- Work request -
Every line below from the one containing "Yamaha Bass Guitar + Case + More" through the one containing "Top Handle Handbag" is to be printed exactly, with the pictures omitted.

---------- Record set

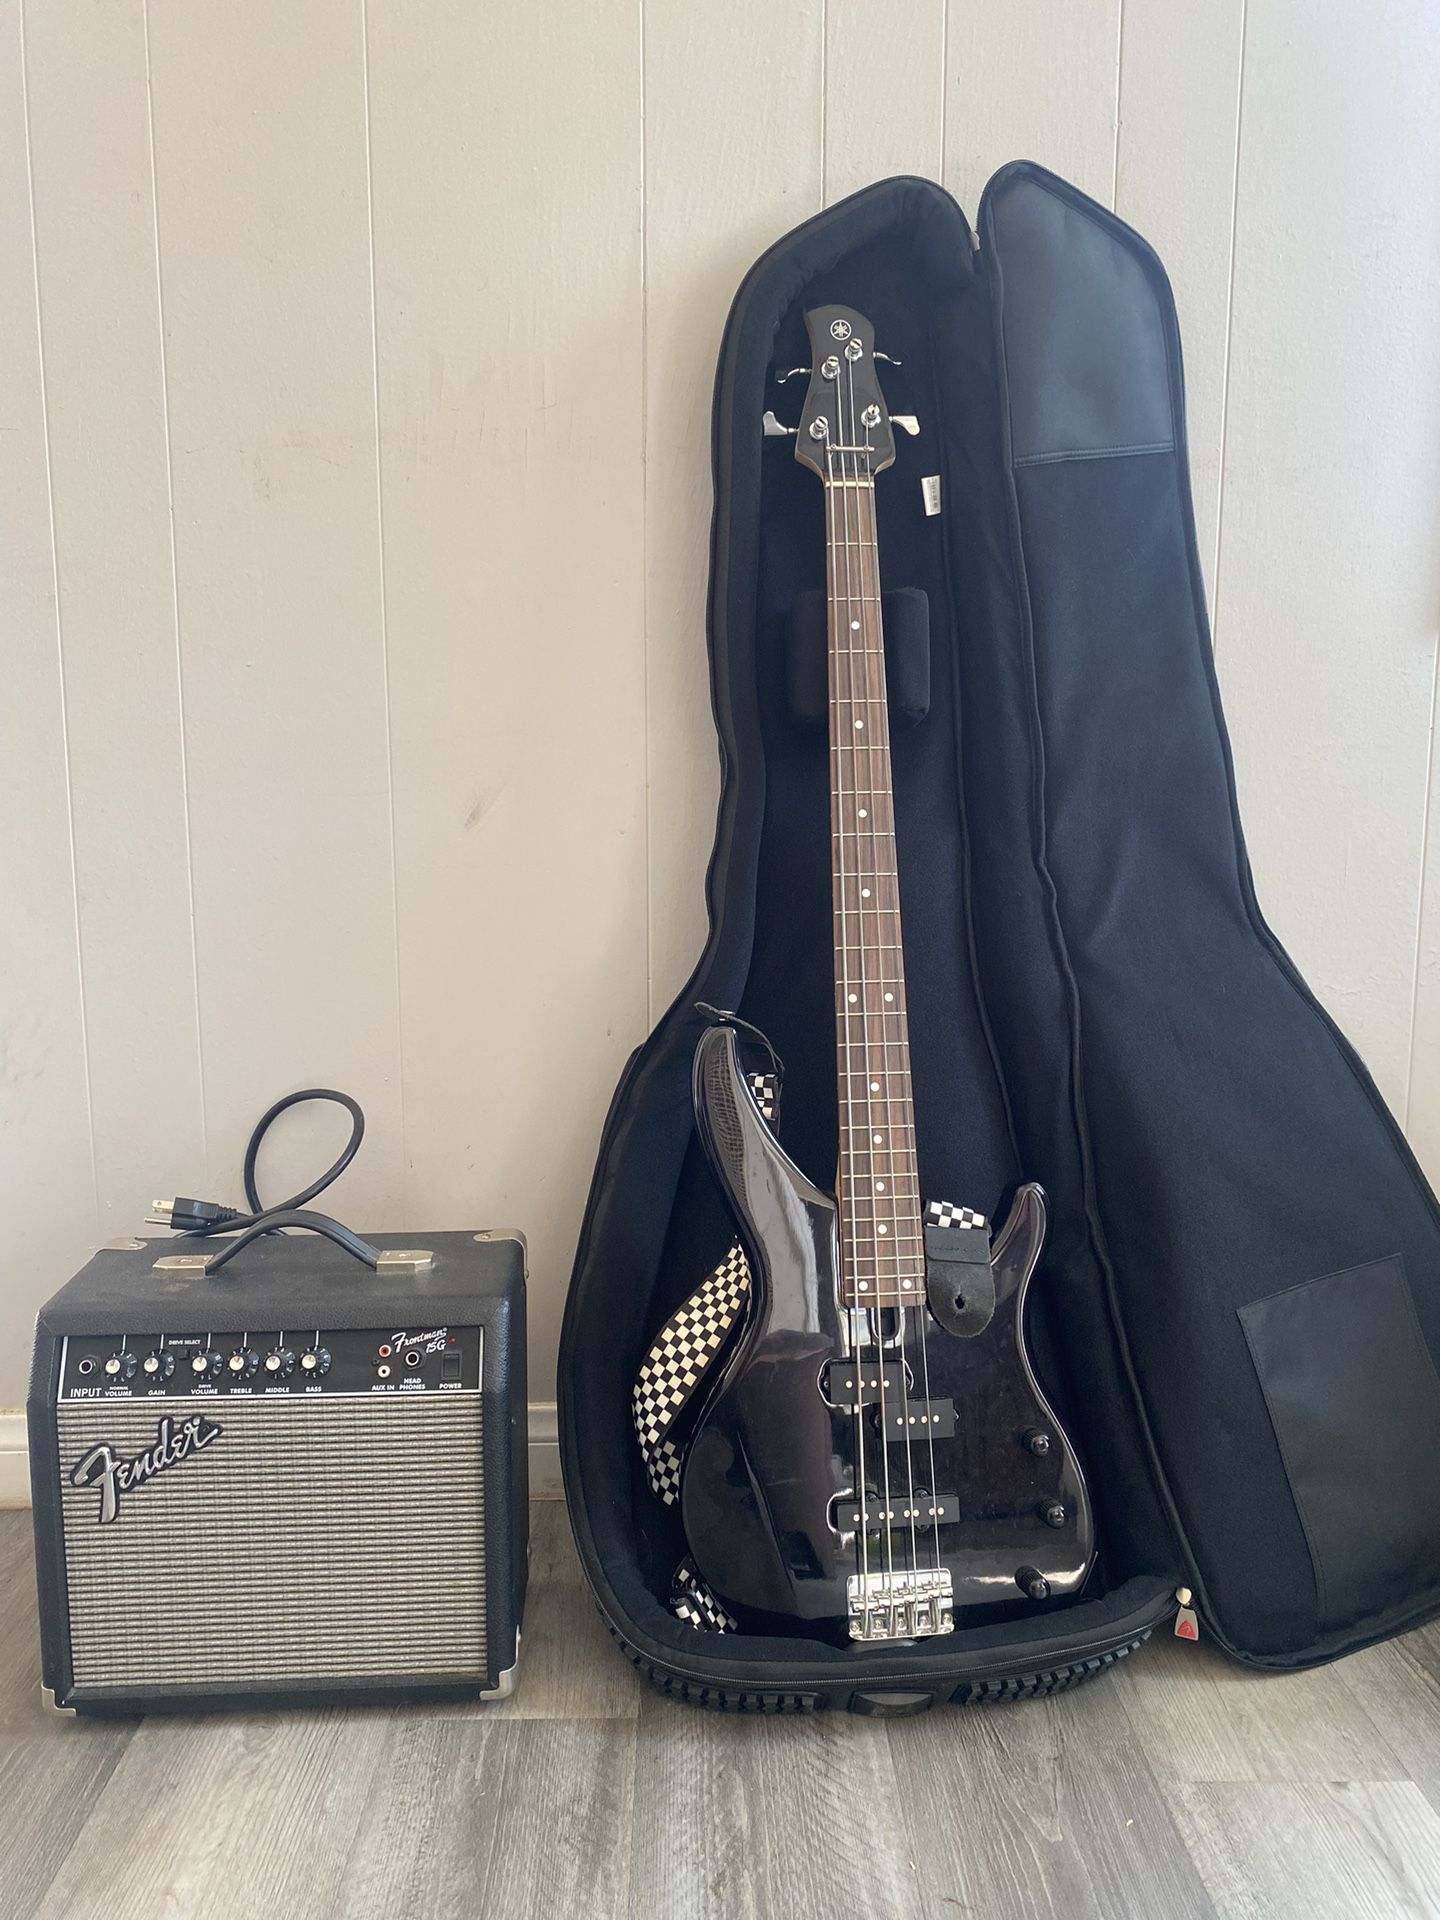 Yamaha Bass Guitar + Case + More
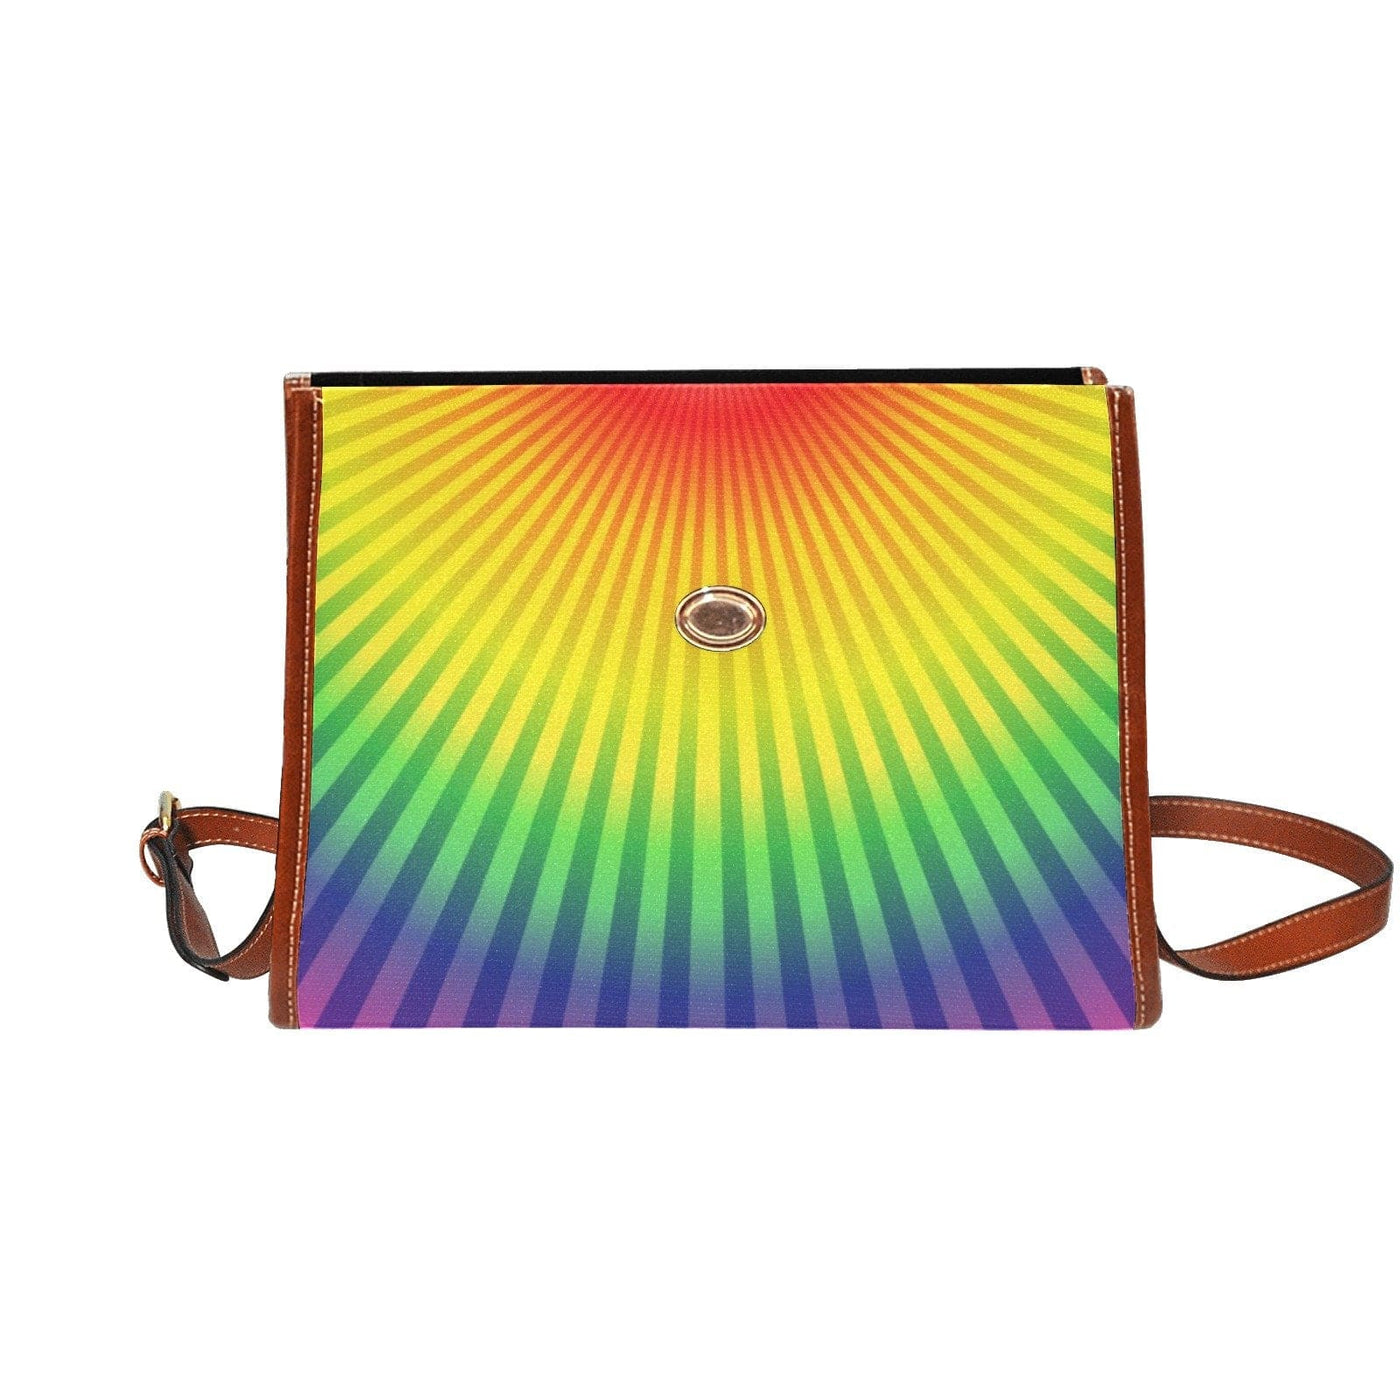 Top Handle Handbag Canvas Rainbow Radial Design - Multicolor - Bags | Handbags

--------------------
---------- Record set

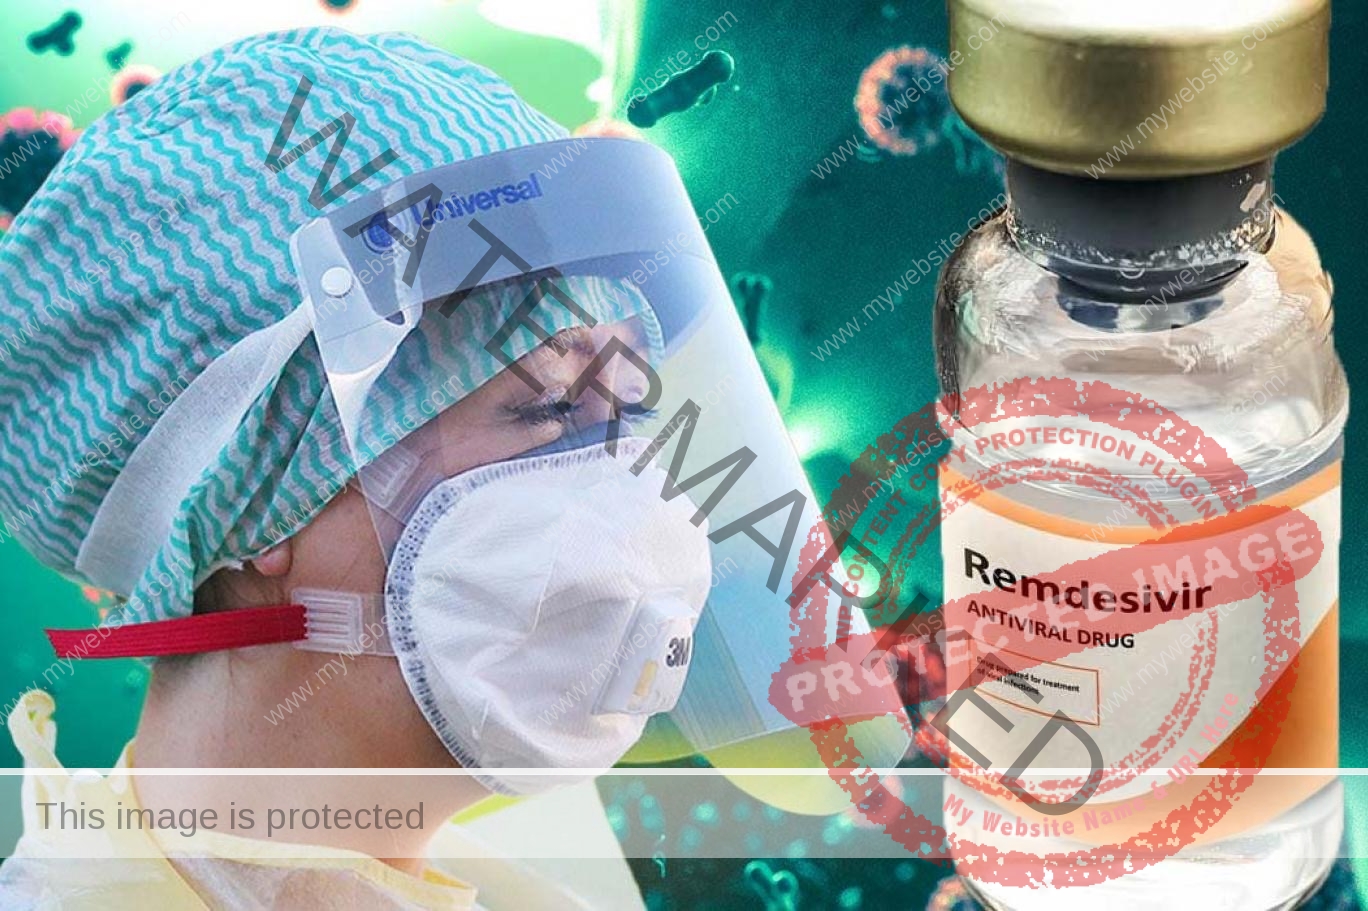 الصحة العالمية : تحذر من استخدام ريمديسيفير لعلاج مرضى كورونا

--------------------
---------- Record set

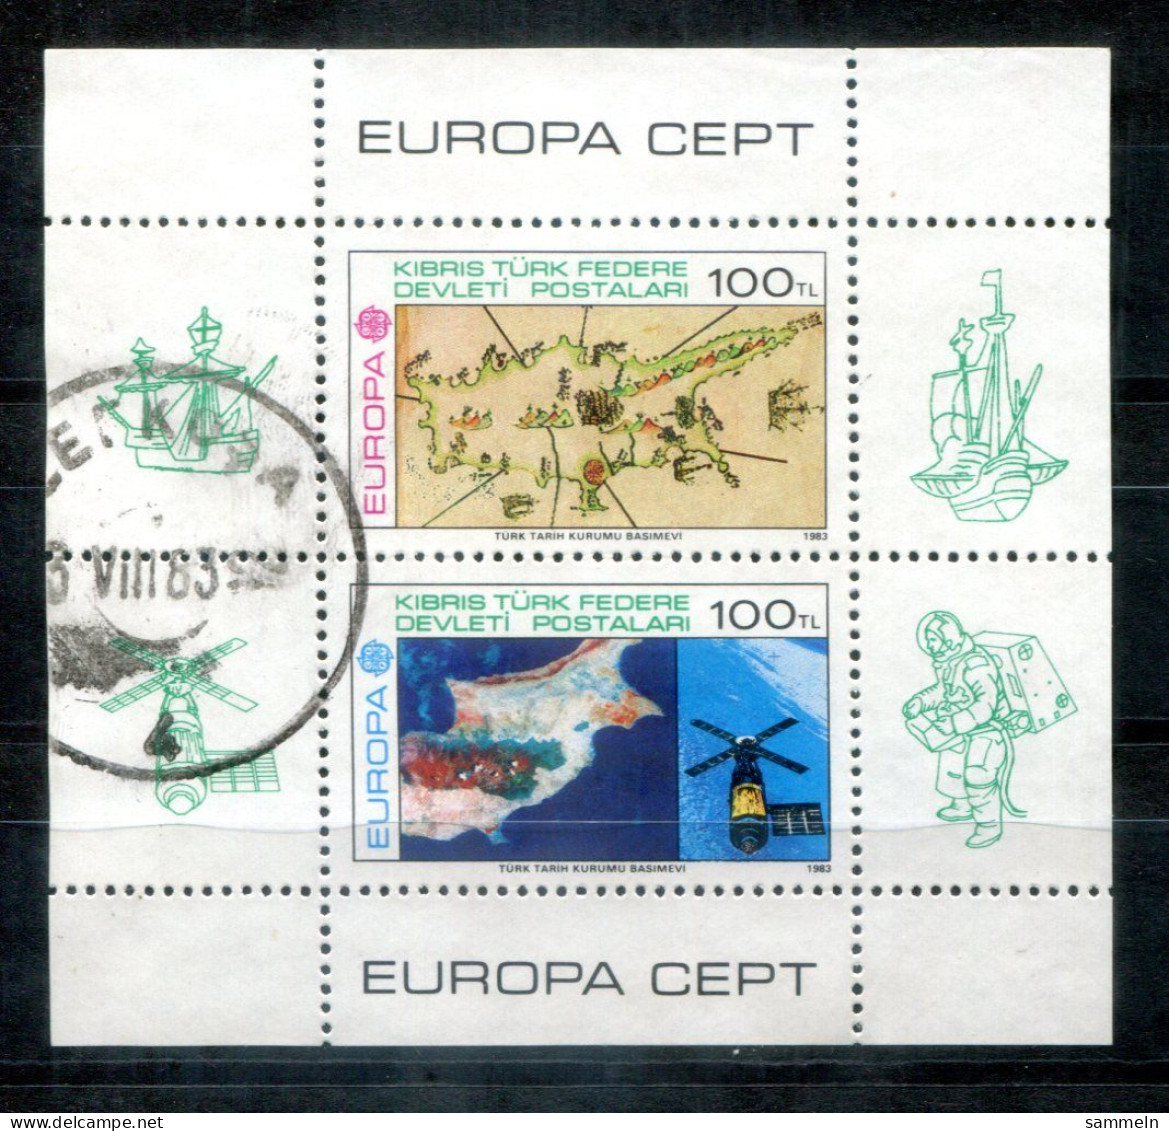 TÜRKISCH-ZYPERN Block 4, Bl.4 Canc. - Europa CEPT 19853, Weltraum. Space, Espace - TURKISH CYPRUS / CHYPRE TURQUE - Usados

--------------------

- Written solution -
 Yamaha Bass Guitar + Case + More
 Top Handle Handbag Canvas Rainbow Radial Design - Multicolor - Bags | Handbags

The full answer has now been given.